DeepRead: Document Structure-Aware Reasoning to Enhance Agentic Search
This addresses the challenge of inefficient document processing in agentic search for users in fields requiring detailed document analysis, representing an incremental advancement.
The paper tackles the problem of underutilizing document structure in agentic search for long-document question answering by introducing DeepRead, a structure-aware reasoning agent that achieves significant improvements over existing methods like Search-o1-style search.

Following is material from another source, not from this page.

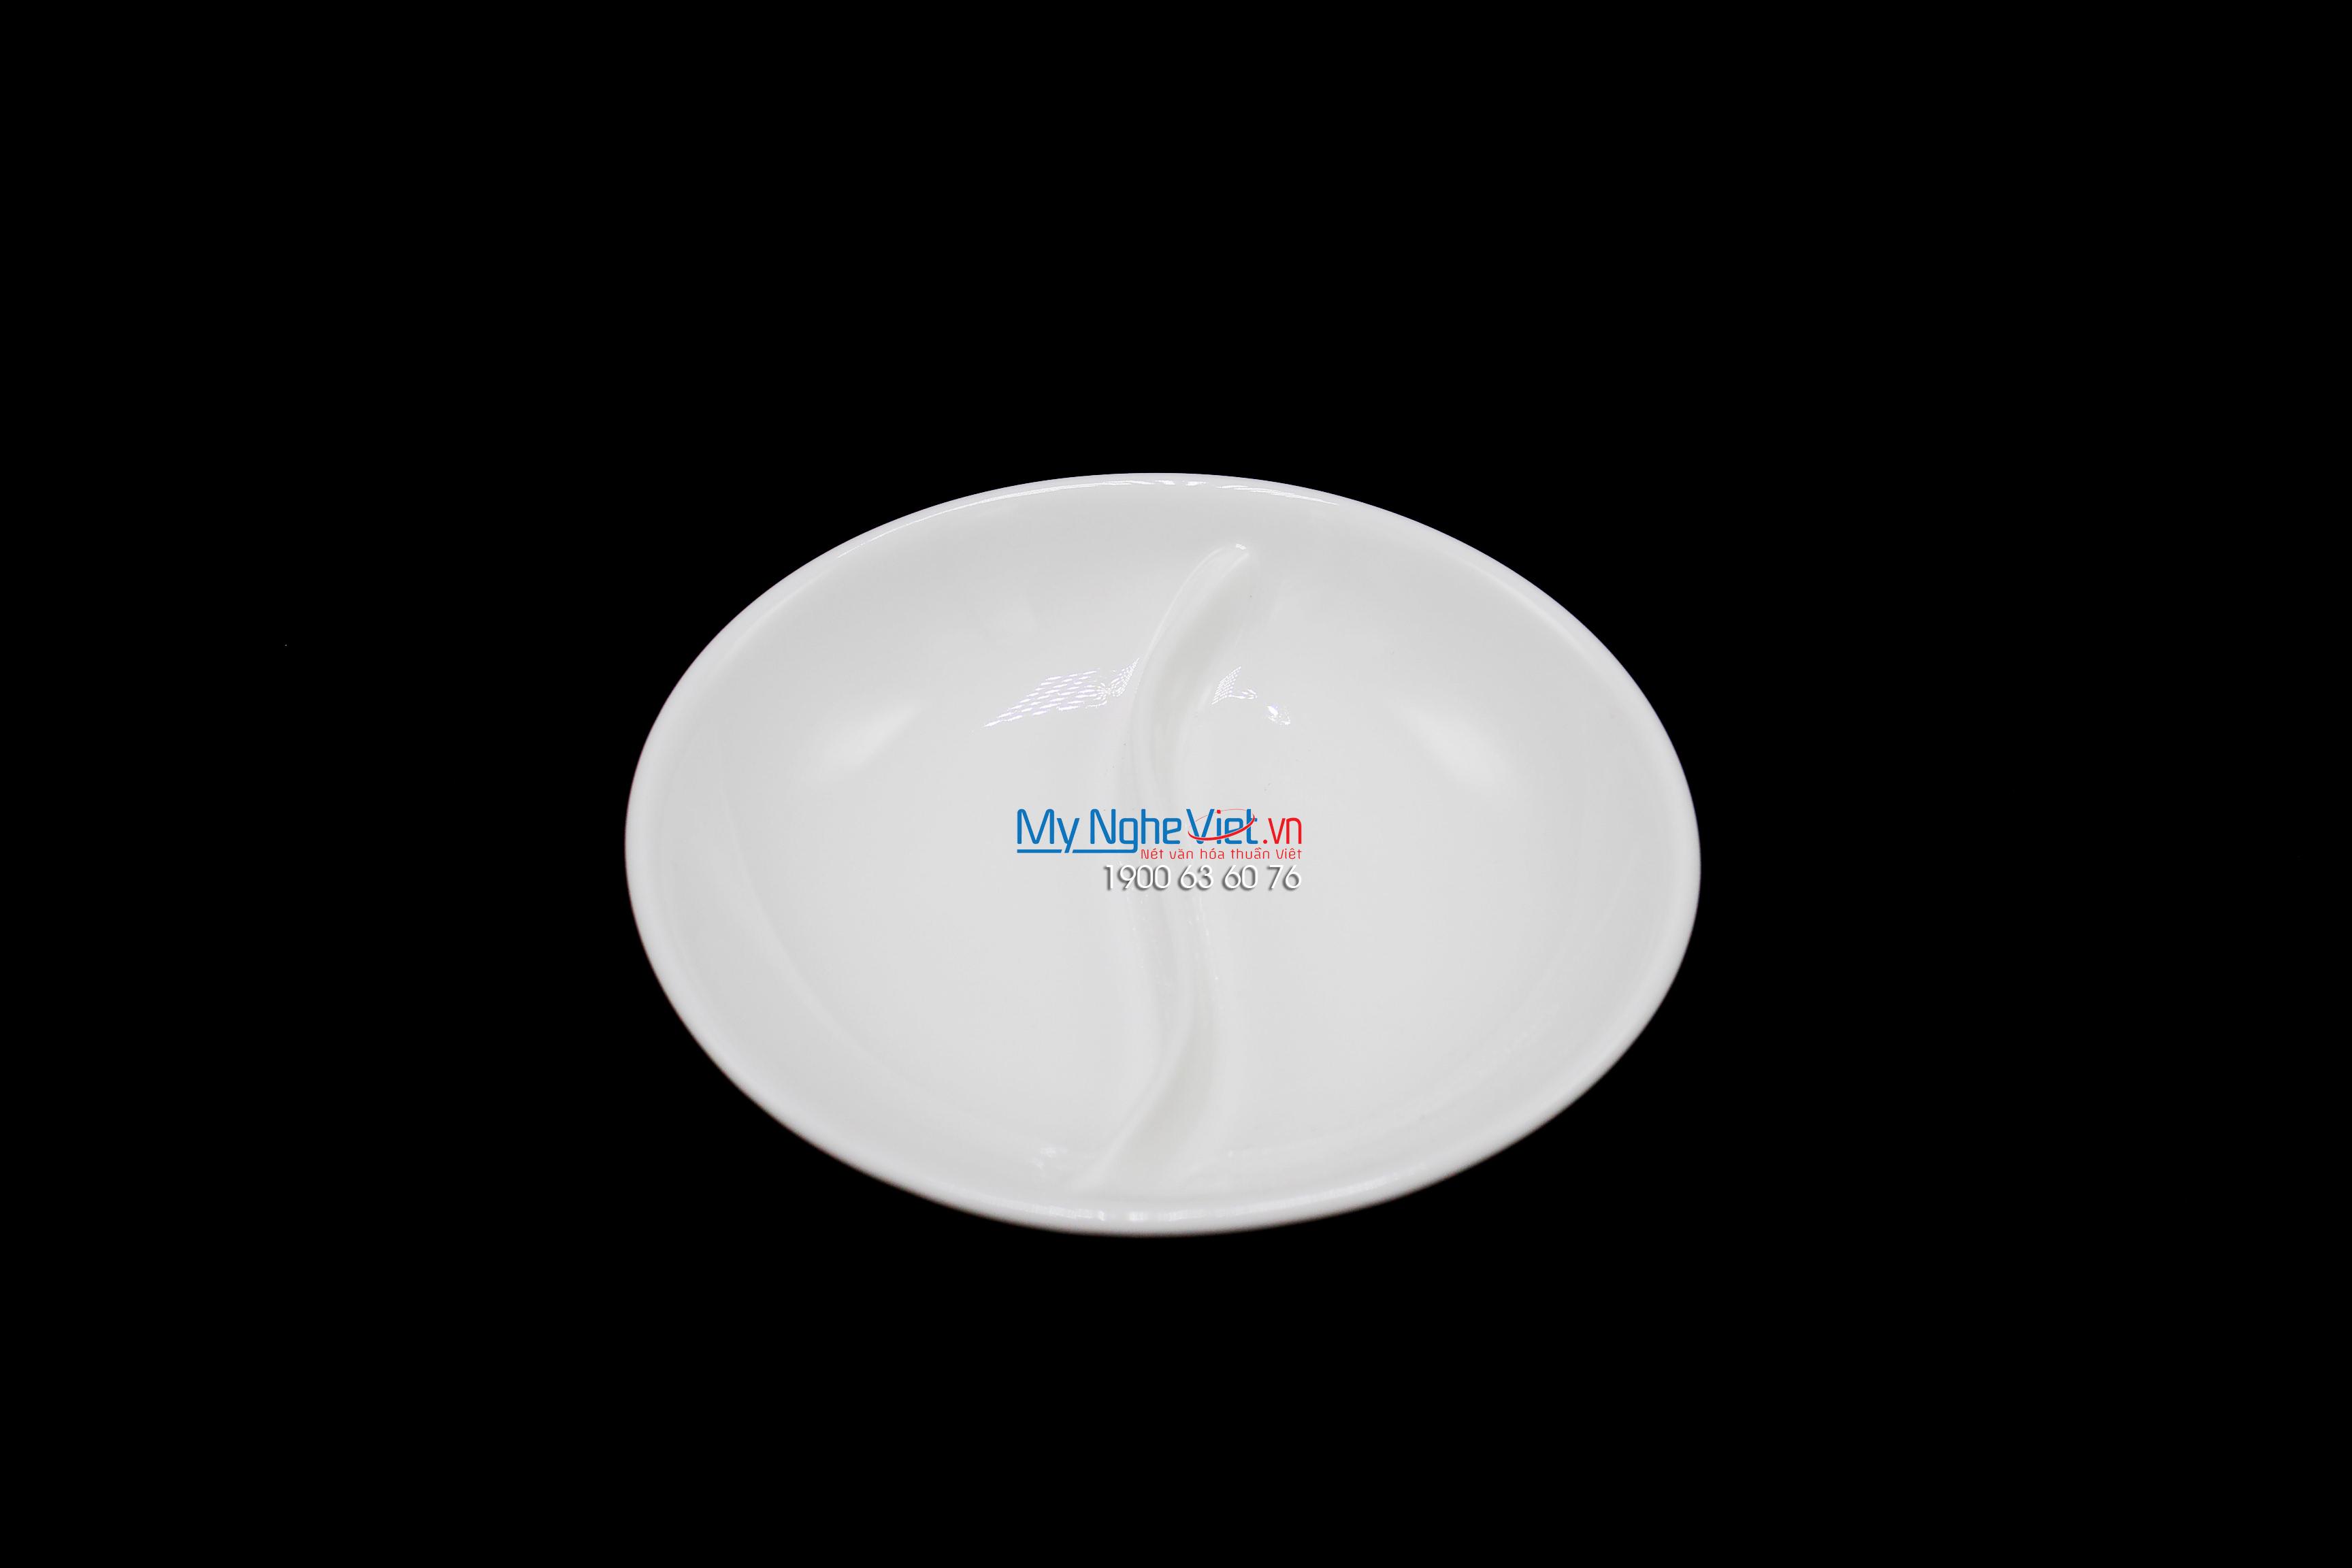 Chén chấm 2 ngăn 10.5 cm trắng ngà - MNV - 231004000

With the rapid progress of tool-using and agentic large language models (LLMs), Retrieval-Augmented Generation (RAG) is evolving from one-shot, passive retrieval into multi-turn, decision-driven evidence acquisition. Despite strong results in open-domain settings, existing agentic search frameworks commonly treat long documents as flat collections of chunks, underutilizing document-native priors such as hierarchical organization and sequential discourse structure. We introduce DeepRead, a structure-aware, multi-turn document reasoning agent that explicitly operationalizes these priors for long-document question answering. DeepRead leverages LLM-based OCR model to convert PDFs into structured Markdown that preserves headings and paragraph boundaries. It then indexes documents at the paragraph level and assigns each paragraph a coordinate-style metadata key encoding its section identity and in-section order. Building on this representation, DeepRead equips the LLM with two complementary tools: a Retrieve tool that localizes relevant paragraphs while exposing their structural coordinates (with lightweight scanning context), and a ReadSection tool that enables contiguous, order-preserving reading within a specified section and paragraph range. Our experiments demonstrate that DeepRead achieves significant improvements over Search-o1-style agentic search in document question answering. The synergistic effect between retrieval and reading tools is also validated. Our fine-grained behavioral analysis reveals a reading and reasoning paradigm resembling human-like ``locate then read'' behavior.